> **What you need to do**:
Could you reproduce all of the records exactly?

> **The data**:
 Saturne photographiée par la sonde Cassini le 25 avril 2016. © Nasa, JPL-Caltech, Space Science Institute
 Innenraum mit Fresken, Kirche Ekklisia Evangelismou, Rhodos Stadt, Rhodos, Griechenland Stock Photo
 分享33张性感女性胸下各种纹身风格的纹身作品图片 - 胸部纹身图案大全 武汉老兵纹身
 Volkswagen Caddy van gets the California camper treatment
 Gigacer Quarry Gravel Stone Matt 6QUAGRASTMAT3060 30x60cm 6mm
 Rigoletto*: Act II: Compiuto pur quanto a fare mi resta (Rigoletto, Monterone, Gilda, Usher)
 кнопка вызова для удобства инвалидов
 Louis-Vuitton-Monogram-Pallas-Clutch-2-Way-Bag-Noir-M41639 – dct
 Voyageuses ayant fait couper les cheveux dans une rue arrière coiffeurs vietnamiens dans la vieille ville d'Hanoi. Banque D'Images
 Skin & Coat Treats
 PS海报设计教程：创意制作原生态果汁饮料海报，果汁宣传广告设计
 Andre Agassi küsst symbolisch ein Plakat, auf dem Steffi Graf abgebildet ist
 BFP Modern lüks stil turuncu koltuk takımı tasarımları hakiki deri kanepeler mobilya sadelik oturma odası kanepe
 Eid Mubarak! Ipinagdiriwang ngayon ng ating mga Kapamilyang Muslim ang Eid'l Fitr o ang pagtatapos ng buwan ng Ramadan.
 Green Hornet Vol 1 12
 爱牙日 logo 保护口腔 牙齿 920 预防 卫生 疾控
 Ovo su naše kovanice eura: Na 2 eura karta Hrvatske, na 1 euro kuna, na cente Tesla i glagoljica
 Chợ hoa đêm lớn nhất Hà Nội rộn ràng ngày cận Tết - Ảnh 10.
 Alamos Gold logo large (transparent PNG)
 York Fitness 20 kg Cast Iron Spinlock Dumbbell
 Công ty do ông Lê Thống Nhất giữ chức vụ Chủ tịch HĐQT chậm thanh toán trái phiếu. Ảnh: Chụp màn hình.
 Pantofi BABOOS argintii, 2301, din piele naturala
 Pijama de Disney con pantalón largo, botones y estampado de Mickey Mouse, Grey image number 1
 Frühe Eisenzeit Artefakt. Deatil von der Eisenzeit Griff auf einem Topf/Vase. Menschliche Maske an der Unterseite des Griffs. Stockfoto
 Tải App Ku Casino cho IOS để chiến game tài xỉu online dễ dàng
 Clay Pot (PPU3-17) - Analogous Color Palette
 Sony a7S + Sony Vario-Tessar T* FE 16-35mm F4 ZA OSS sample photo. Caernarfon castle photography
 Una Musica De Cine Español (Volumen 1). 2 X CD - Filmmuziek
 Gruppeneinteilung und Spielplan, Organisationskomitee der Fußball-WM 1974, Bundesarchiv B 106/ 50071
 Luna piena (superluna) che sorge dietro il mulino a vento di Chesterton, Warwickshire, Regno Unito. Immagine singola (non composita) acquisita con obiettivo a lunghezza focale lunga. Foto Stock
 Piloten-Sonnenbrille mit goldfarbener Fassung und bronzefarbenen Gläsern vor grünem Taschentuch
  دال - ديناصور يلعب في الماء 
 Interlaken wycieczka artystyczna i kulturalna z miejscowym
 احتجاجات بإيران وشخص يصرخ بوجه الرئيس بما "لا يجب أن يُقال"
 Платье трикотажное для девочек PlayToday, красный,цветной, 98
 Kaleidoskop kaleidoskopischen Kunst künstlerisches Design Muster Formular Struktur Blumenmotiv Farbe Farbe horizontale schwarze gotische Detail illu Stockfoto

> **Task solution**:
 Saturne photographiée par la sonde Cassini le 25 avril 2016. © Nasa, JPL-Caltech, Space Science Institute
 Innenraum mit Fresken, Kirche Ekklisia Evangelismou, Rhodos Stadt, Rhodos, Griechenland Stock Photo
 分享33张性感女性胸下各种纹身风格的纹身作品图片 - 胸部纹身图案大全 武汉老兵纹身
 Volkswagen Caddy van gets the California camper treatment
 Gigacer Quarry Gravel Stone Matt 6QUAGRASTMAT3060 30x60cm 6mm
 Rigoletto*: Act II: Compiuto pur quanto a fare mi resta (Rigoletto, Monterone, Gilda, Usher)
 кнопка вызова для удобства инвалидов
 Louis-Vuitton-Monogram-Pallas-Clutch-2-Way-Bag-Noir-M41639 – dct
 Voyageuses ayant fait couper les cheveux dans une rue arrière coiffeurs vietnamiens dans la vieille ville d'Hanoi. Banque D'Images
 Skin & Coat Treats
 PS海报设计教程：创意制作原生态果汁饮料海报，果汁宣传广告设计
 Andre Agassi küsst symbolisch ein Plakat, auf dem Steffi Graf abgebildet ist
 BFP Modern lüks stil turuncu koltuk takımı tasarımları hakiki deri kanepeler mobilya sadelik oturma odası kanepe
 Eid Mubarak! Ipinagdiriwang ngayon ng ating mga Kapamilyang Muslim ang Eid'l Fitr o ang pagtatapos ng buwan ng Ramadan.
 Green Hornet Vol 1 12
 爱牙日 logo 保护口腔 牙齿 920 预防 卫生 疾控
 Ovo su naše kovanice eura: Na 2 eura karta Hrvatske, na 1 euro kuna, na cente Tesla i glagoljica
 Chợ hoa đêm lớn nhất Hà Nội rộn ràng ngày cận Tết - Ảnh 10.
 Alamos Gold logo large (transparent PNG)
 York Fitness 20 kg Cast Iron Spinlock Dumbbell
 Công ty do ông Lê Thống Nhất giữ chức vụ Chủ tịch HĐQT chậm thanh toán trái phiếu. Ảnh: Chụp màn hình.
 Pantofi BABOOS argintii, 2301, din piele naturala
 Pijama de Disney con pantalón largo, botones y estampado de Mickey Mouse, Grey image number 1
 Frühe Eisenzeit Artefakt. Deatil von der Eisenzeit Griff auf einem Topf/Vase. Menschliche Maske an der Unterseite des Griffs. Stockfoto
 Tải App Ku Casino cho IOS để chiến game tài xỉu online dễ dàng
 Clay Pot (PPU3-17) - Analogous Color Palette
 Sony a7S + Sony Vario-Tessar T* FE 16-35mm F4 ZA OSS sample photo. Caernarfon castle photography
 Una Musica De Cine Español (Volumen 1). 2 X CD - Filmmuziek
 Gruppeneinteilung und Spielplan, Organisationskomitee der Fußball-WM 1974, Bundesarchiv B 106/ 50071
 Luna piena (superluna) che sorge dietro il mulino a vento di Chesterton, Warwickshire, Regno Unito. Immagine singola (non composita) acquisita con obiettivo a lunghezza focale lunga. Foto Stock
 Piloten-Sonnenbrille mit goldfarbener Fassung und bronzefarbenen Gläsern vor grünem Taschentuch
  دال - ديناصور يلعب في الماء 
 Interlaken wycieczka artystyczna i kulturalna z miejscowym
 احتجاجات بإيران وشخص يصرخ بوجه الرئيس بما "لا يجب أن يُقال"
 Платье трикотажное для девочек PlayToday, красный,цветной, 98
 Kaleidoskop kaleidoskopischen Kunst künstlerisches Design Muster Formular Struktur Blumenmotiv Farbe Farbe horizontale schwarze gotische Detail illu Stockfoto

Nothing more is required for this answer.